In another case, a £70m contract with Saiger LLC to supply over 10 million surgical gowns resulted in the items being withheld. Their use was suspended because of concerns about the way they were packaged. According to the BBC, the “contract had not requested double packaging, as used in sterile settings”.

The Guardian reported that former health secretary Matt Hancock allegedly recommended a firm run by his former neighbour and pub landlord Alex Bourne. The firm was subsequently subcontracted to provide test tubes in a deal worth £40m.

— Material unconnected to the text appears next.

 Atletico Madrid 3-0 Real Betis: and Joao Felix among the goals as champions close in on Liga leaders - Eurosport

However, questions were raised about the reliability of the product and it was alleged many test tubes were burned.

In 2020, it was reported that 400,000 medical gowns from Turkey had been impounded because of poor standards.

In June 2022, the Public Accounts Committee stated that PPE worth £4bn was unusable because it did not meet NHS standards.

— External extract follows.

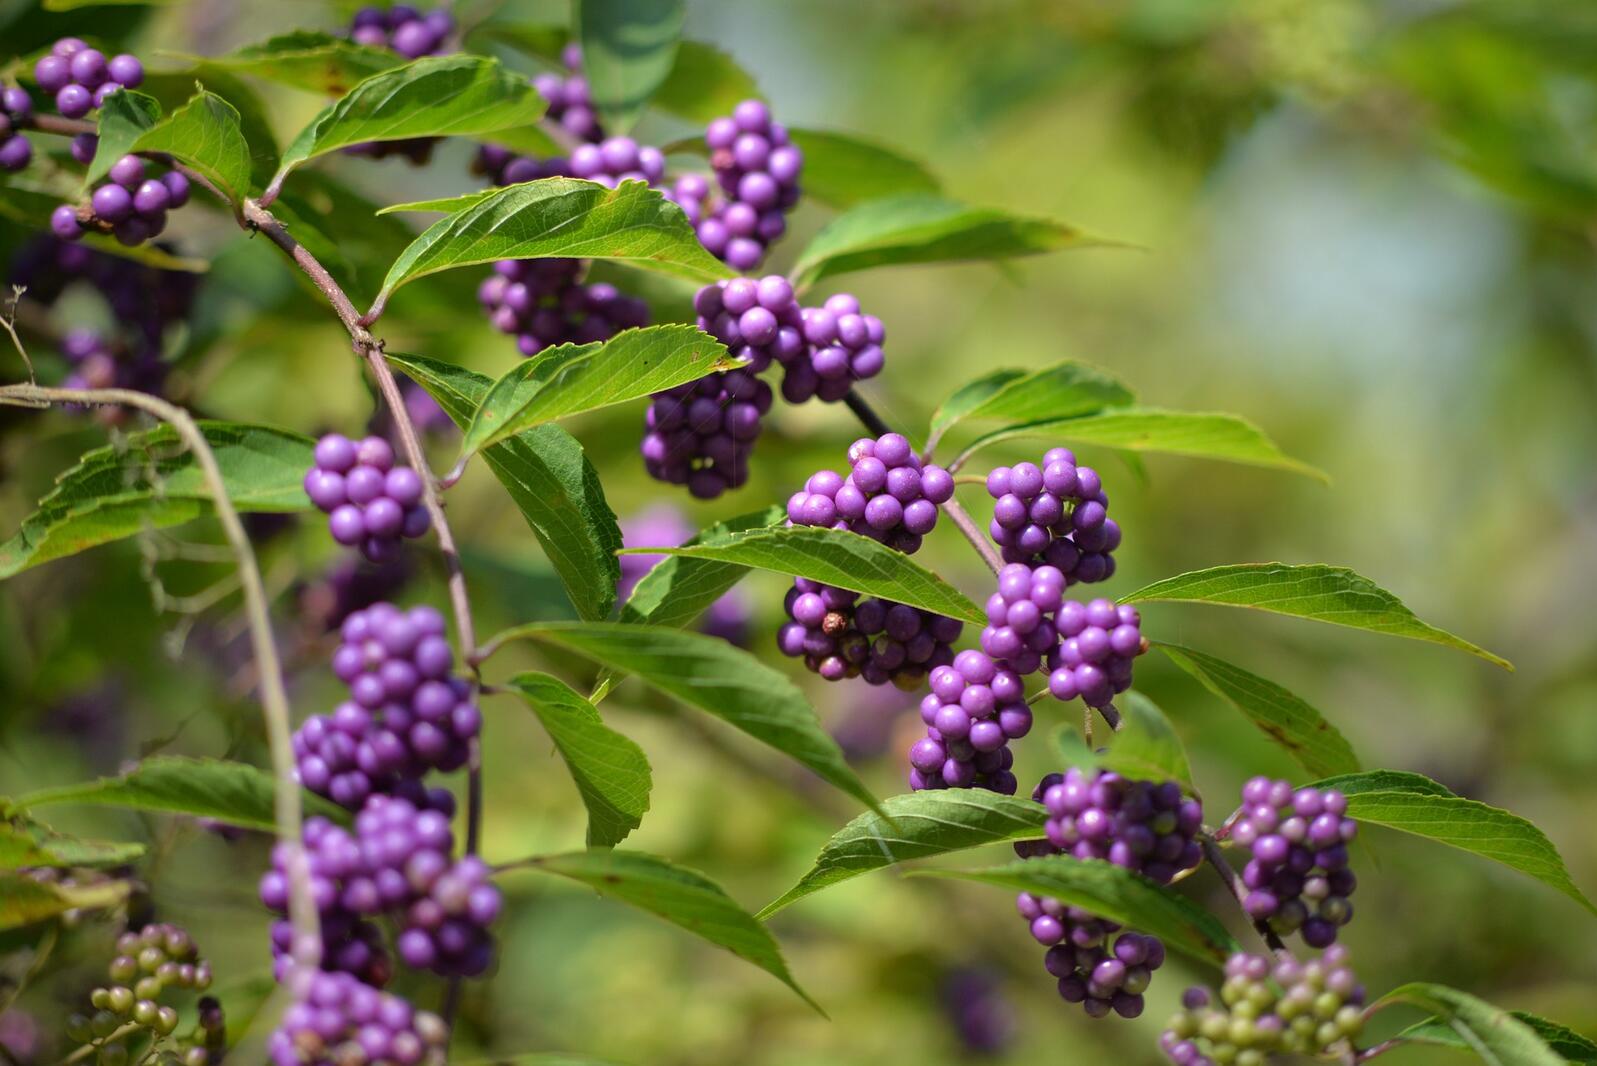 Close-up of an American beautyberry plant.

Corruption on a massive scale?

The government has admitted it spent:

  • £673m on PPE “not suitable for any use”
  • £2.5bn on PPE “not suitable for use in the NHS”
  • £4.7bn paying inflated pandemic prices for PPE we didn’t need to buy.

That’s taxpayers – our – money.

Earlier this year it was reported that the High Court found the government’s ‘VIP lane’ for PPE suppliers ‘unlawful’.

Clearly there are many questions about possible corruption on a massive scale.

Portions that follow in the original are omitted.